The activity of Cellulase KN was examined to determine the specificity and selectivity of conversion of ginsenosides Re and Rg1 through hydrolysis of the rhamnose and glucose moieties attached at the C6 position. Enzyme solutions at a concentration of 100 mg/mL in 100mM acetate buffer (pH 5.0) were reacted with an equal volume of Re and Rg1 solution at a concentration of 1 mg/mL in 100mM acetate buffer (pH 5.0) at 50°C. The samples were taken at regular intervals and analyzed via TLC or HPLC after pretreatment (see “Analytic methods” section).
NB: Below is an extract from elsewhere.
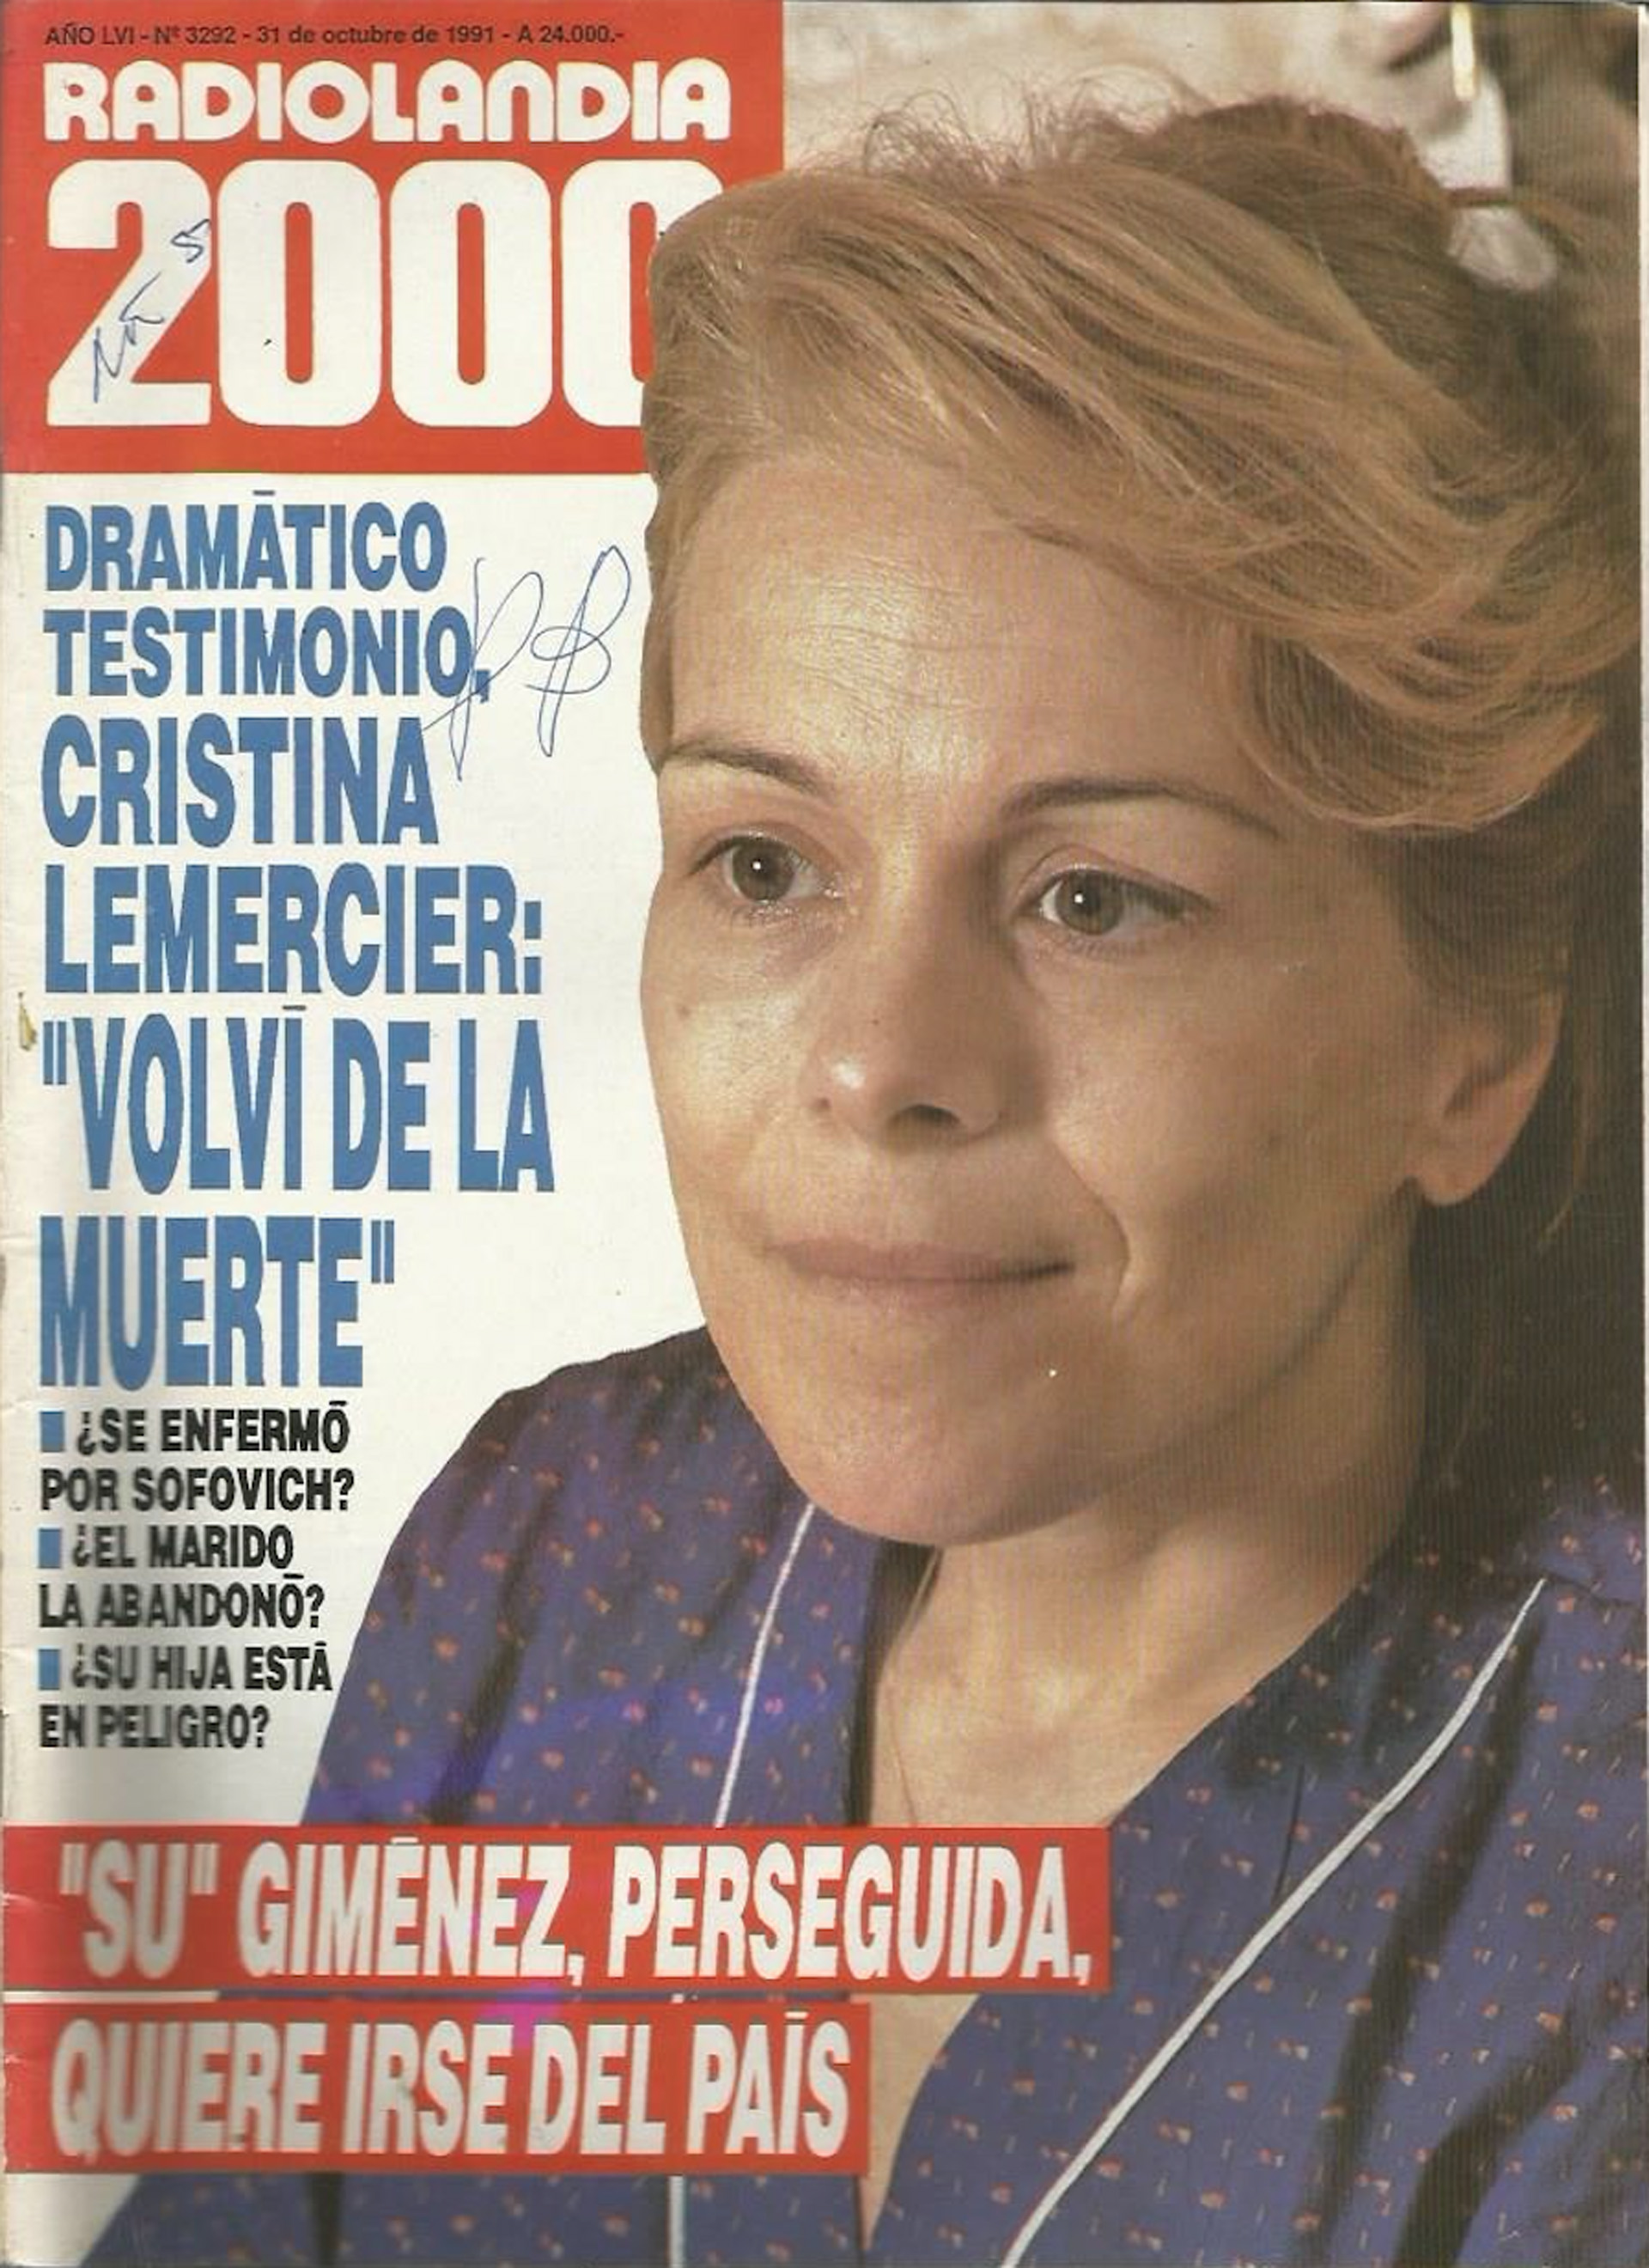 En 1992, Cristina Lemercier tuvo un problema serio de salud que la llevó a perder más de 10 kilos y a ser intervenida quirúrgicamente tres veces (Imagen: Radiolandia 2000 / Archivo TEA)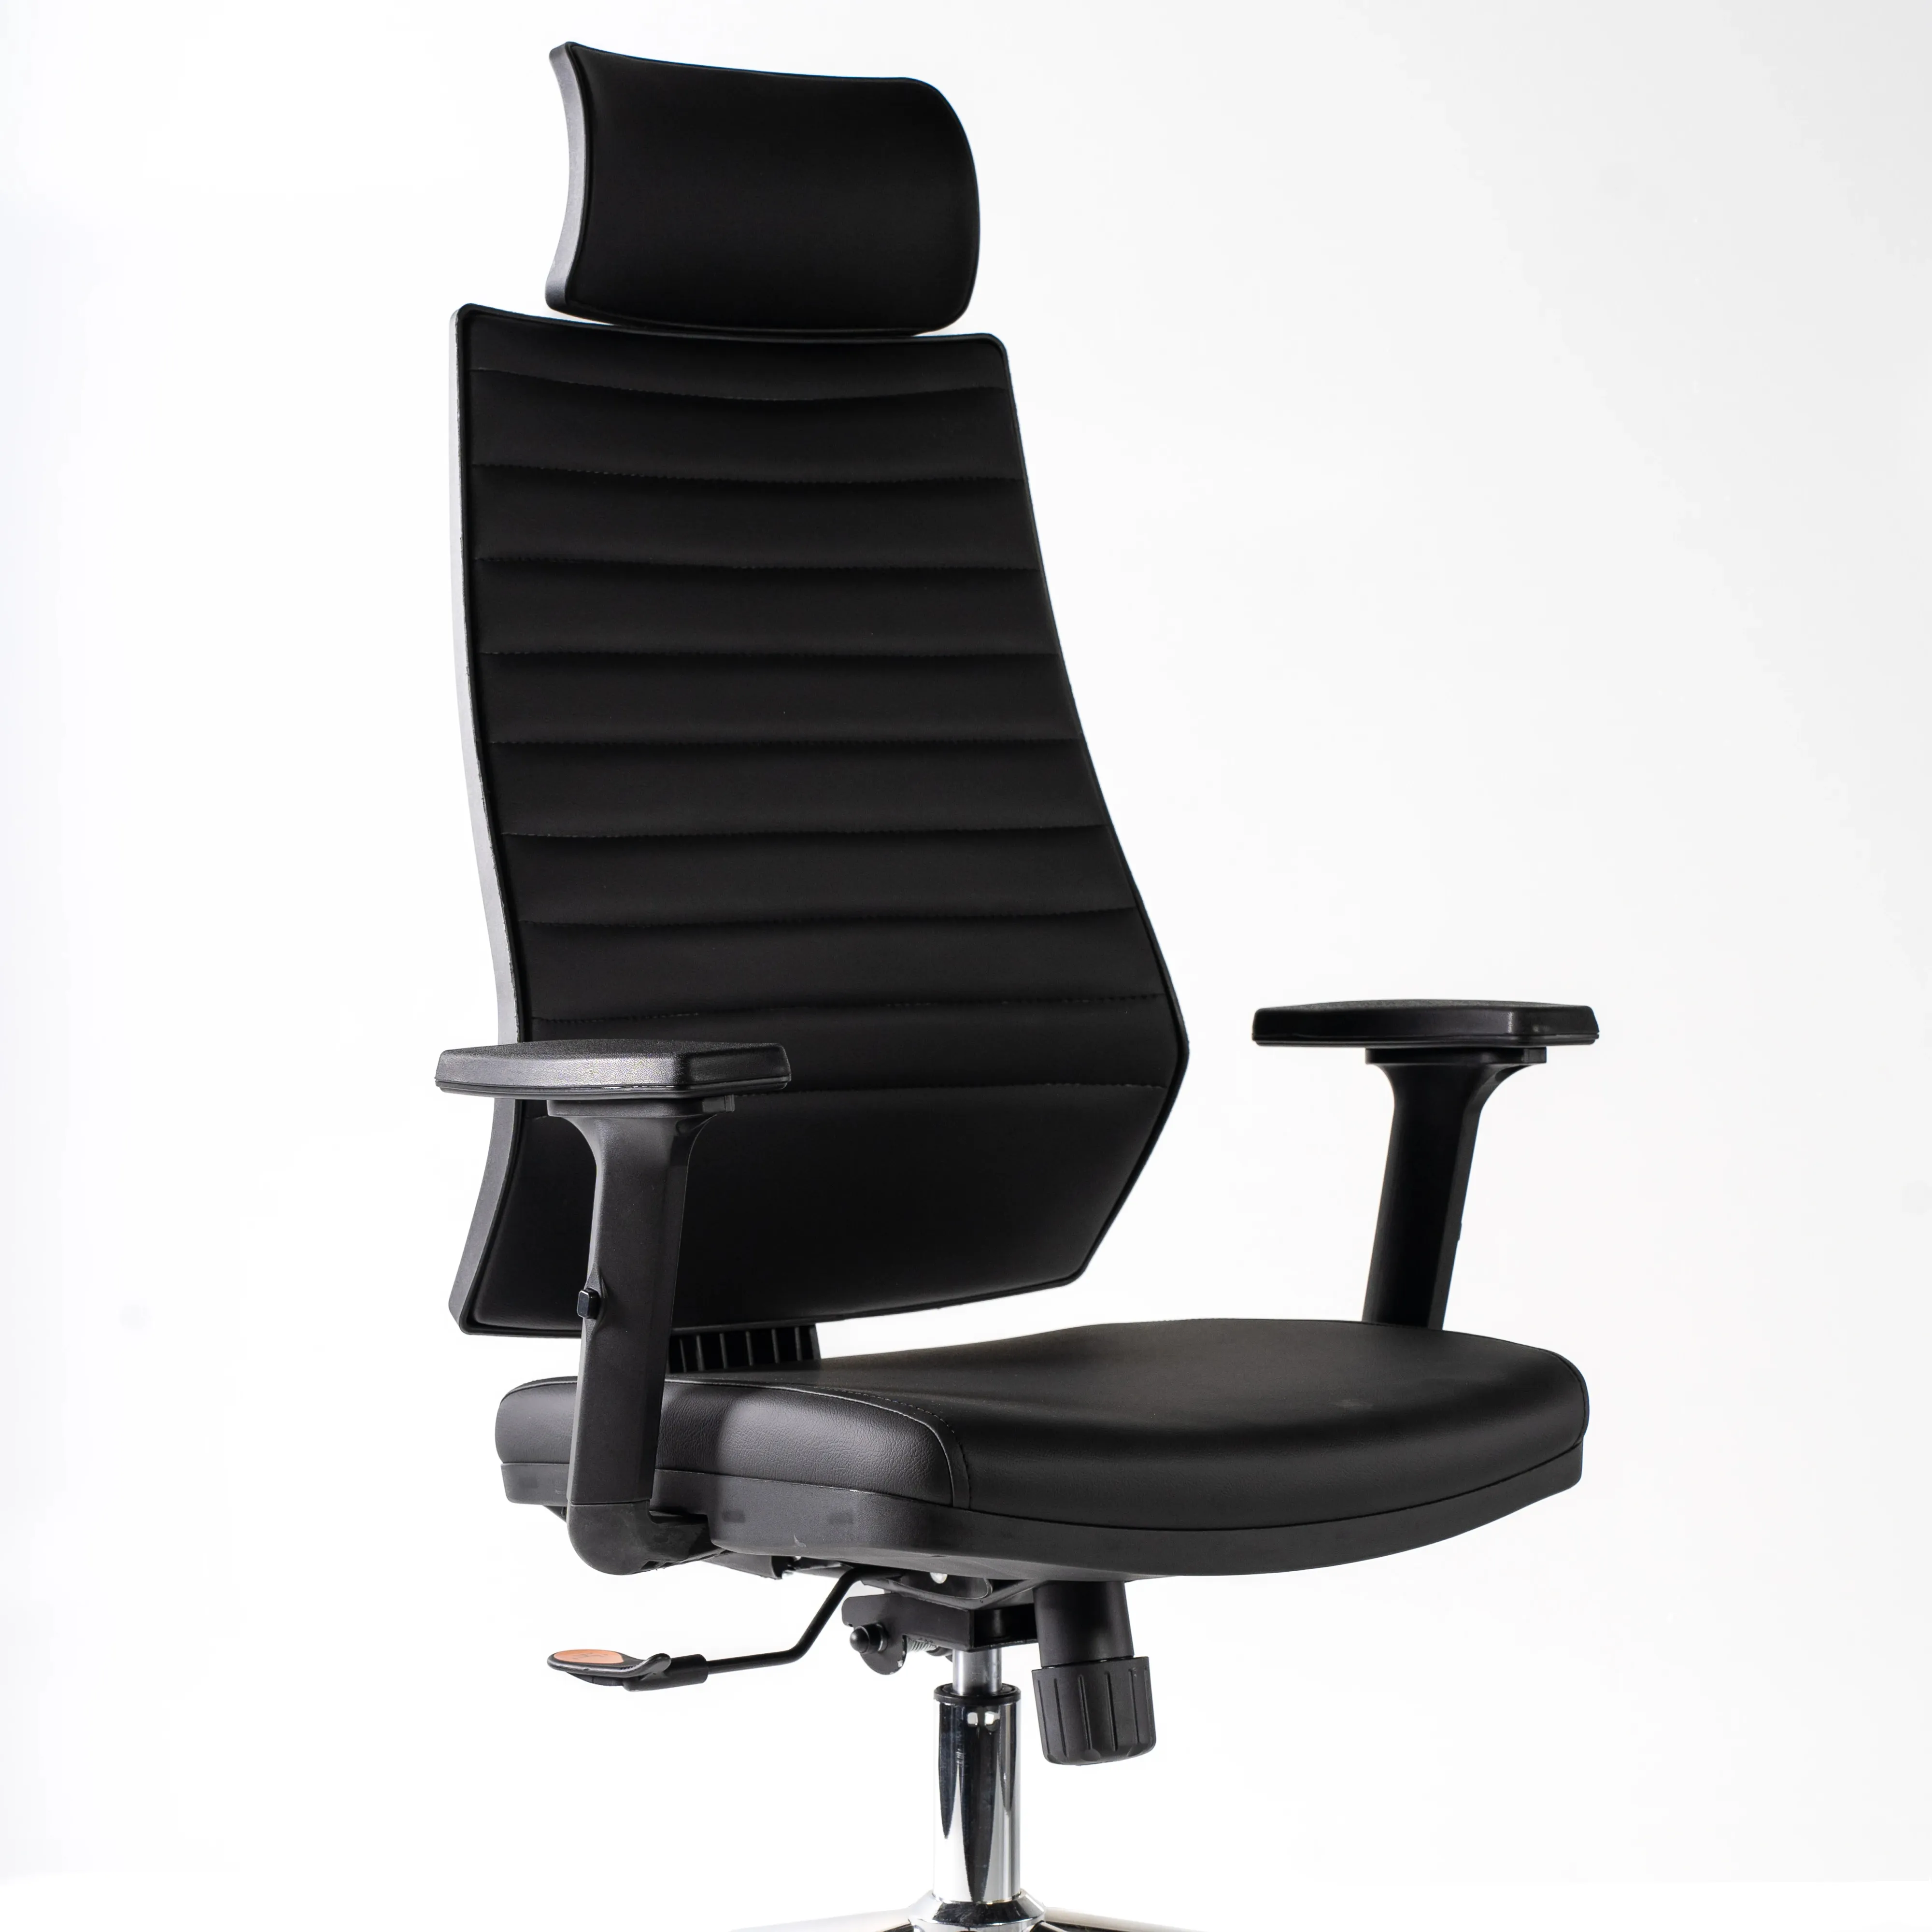 Эргономичный офисный стул для руководителей удобный и функциональный дизайн для использования на рабочем месте

2.4. Biotransformation optimization based on concentration of the enzyme and substrate

In order to determine the optimal conditions for biotransformation of the PPTGM using Cellulase KN, the substrate concentration of PPTGM in the reaction was optimized. The final enzyme concentration was fixed at 50 mg/mL and 100 mg/mL and reacted with the PPTGM dissolved in acetate buffer solution (pH 5.0), in order to obtain the final substrate concentrations of 5 mg/mL, 10 mg/mL, and 15 mg/mL. The six optimization reactions were performed in a 2 mL Eppendorf tube with a 1 mL working volume at 200 rpm for 48 h at 50°C. The samples were taken at regular intervals and analyzed via TLC and HPLC.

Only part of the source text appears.